La confusion la plus dommageable se loge exactement là : seuil de TVA et seuil micro sont deux choses différentes. Vous pouvez parfaitement rester micro-entrepreneur, sous votre plafond de 203 100 € ou 83 600 €, tout en étant devenu redevable de la TVA. Pensez à un prestataire de services qui dépasse 37 500 € de CA : il est encore très loin de son plafond micro de 83 600 €, mais il doit déjà se préoccuper de facturer la TVA. La mécanique des seuils mérite d’être comprise : tant que vous dépassez le seuil de base sans franchir le seuil majoré, la franchise est conservée pour l’année en cours et perdue au 1ᵉʳ janvier suivant. En revanche, dès que vous franchissez le seuil majoré, vous devenez assujetti à la TVA dès le 1ᵉʳ jour du mois de dépassement, sans délai.

Un mot sur l’actualité réglementaire, parce qu’elle a inquiété beaucoup de micro-entrepreneurs : le projet d’un seuil unique de TVA abaissé à 25 000 € a été définitivement abandonné, supprimé par la loi n° 2025-1044 du 3 novembre 2025, l’article qui le portait ayant été retiré le 20 novembre 2025. Les seuils habituels sont donc reconduits pour 2026. Le bon réflexe reste de surveiller votre seuil de TVA bien avant votre plafond micro, car c’est lui que vous atteindrez en premier. Le graphique ci-dessous superpose, pour chaque activité, le seuil de TVA et le seuil micro, et montre cet écart où l’on est encore micro mais déjà concerné par la TVA.
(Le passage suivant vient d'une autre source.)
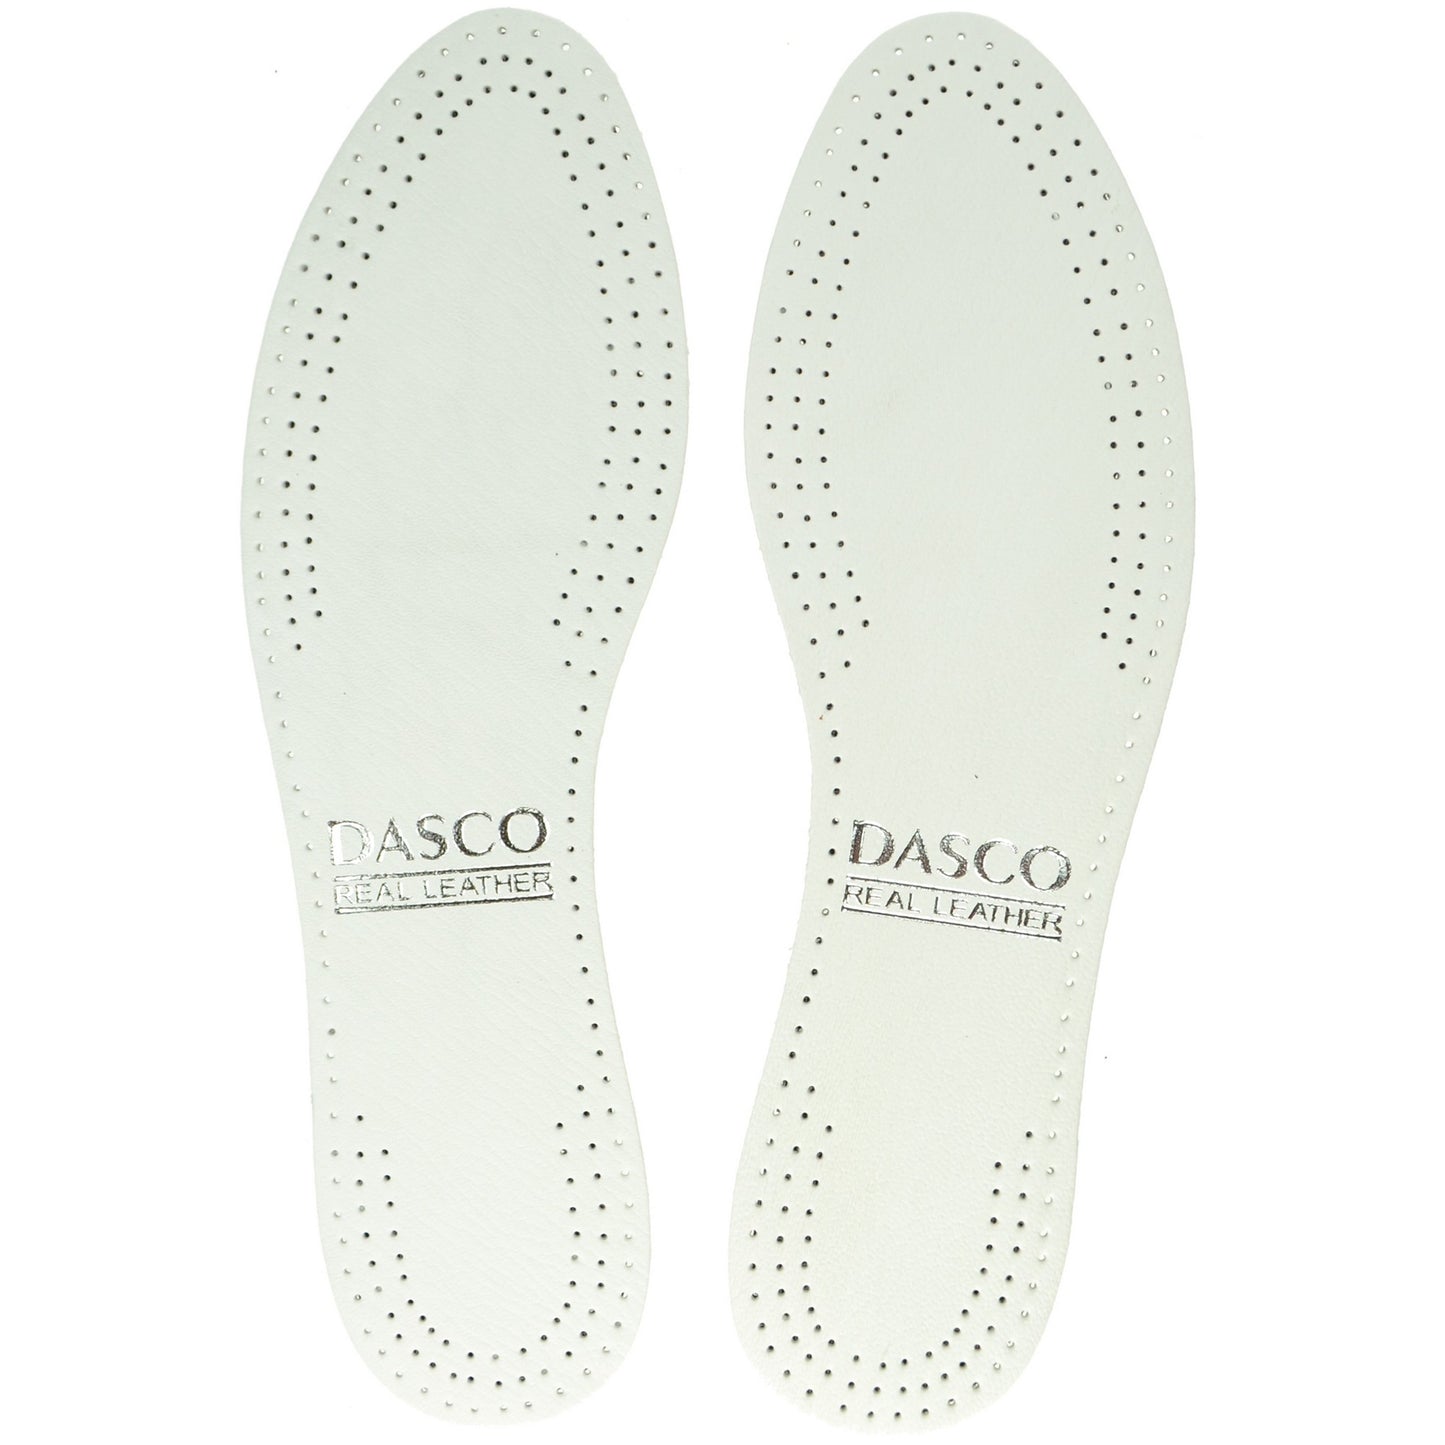 Dasco Ladies Leather Insole - White

Diagramme en barres superposant seuil de franchise TVA et seuil micro-entreprise par activite, en euros.
Seuil de TVA vs seuil micro-entreprise : le no man’s land de la franchise

5.4 ACRE, CFE et autres charges de démarrage

Reste à voir ce qui change la première année par rapport aux suivantes, car le démarrage a ses propres règles. L’aide la plus connue est l’ACRE (aide aux créateurs et repreneurs d’entreprise), une exonération partielle de cotisations sociales la première année. Et c’est ici qu’une date compte vraiment : pour les créations avant le 1ᵉʳ juillet 2026, le taux minoré correspond à 50 % du taux normal, alors que pour les créations à compter du 1ᵉʳ juillet 2026, l’avantage est ramené à 25 % d’exonération seulement. La demande se fait auprès de l’URSSAF dans les 60 jours suivant le début d’activité, et passer cette fenêtre, c’est perdre l’aide pour de bon.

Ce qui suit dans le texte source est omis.